Minimax optimal rules in the Gaussian experiment with a unit variance and an unknown mean. In each of the graphs, k represents the width of the identified set. The dashed line is minimax optimal rule with respect to mean regret as a function of z, where z represents each possible realization of the Gaussian experiment. The solid line is minimax optimal rule with respect to mean square regret as a function of z. Note in the limiting case \(k=\infty\), the two rules coincide

4 Conclusion

In this paper, we study optimal binary treatment choice with mean square regret and with partially identified welfare, extending the analyses by Kitagawa et al. (2022). Our results lead to a simple and intuitive rule that is sharply different from the existing literature on treatment choice under partial identification with mean regret criterion. In particular, minimax optimal rules are always fractional, irrespective of the width of the identified set.
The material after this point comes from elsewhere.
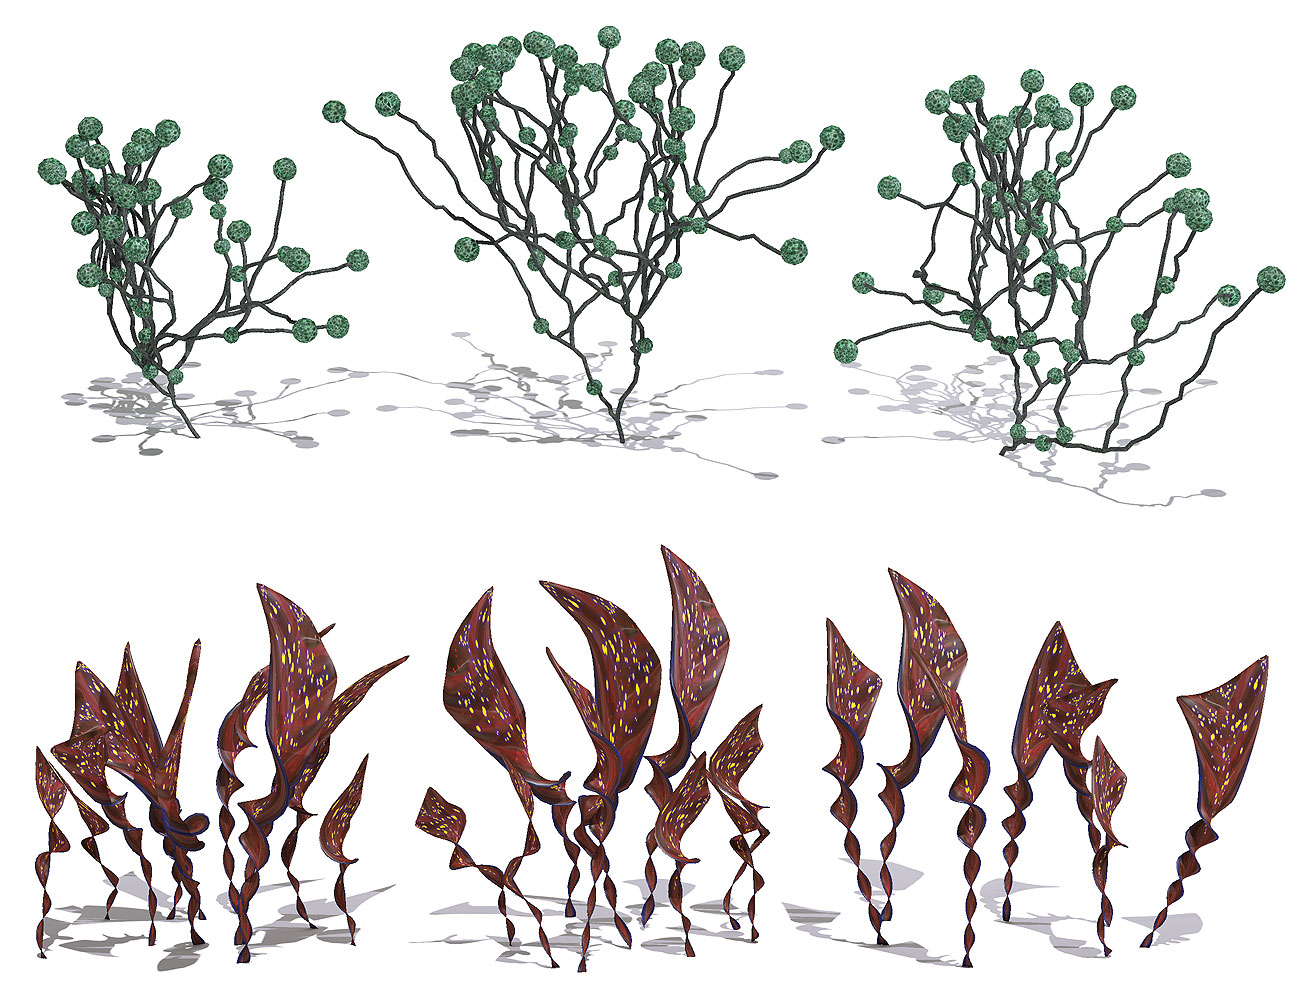 Alien Botanicals 2 Iray by: Orestes Graphics, 3D Models by Daz 3D

The optimal treatment fraction is a logistic transformation of the commonly used t-statistic multiplied by a factor that is calculated by a simple constrained optimization. Our results are useful for policy makers who wish to make fractional treatment assignment but are concerned that the true optimal policy can not be identified from data. For future research, it would be interesting to consider optimal treatment choice with a general and arbitrary identified set, or with an estimated identified set. It would also be interesting to consider optimal individualised treatment choice with mean square regret.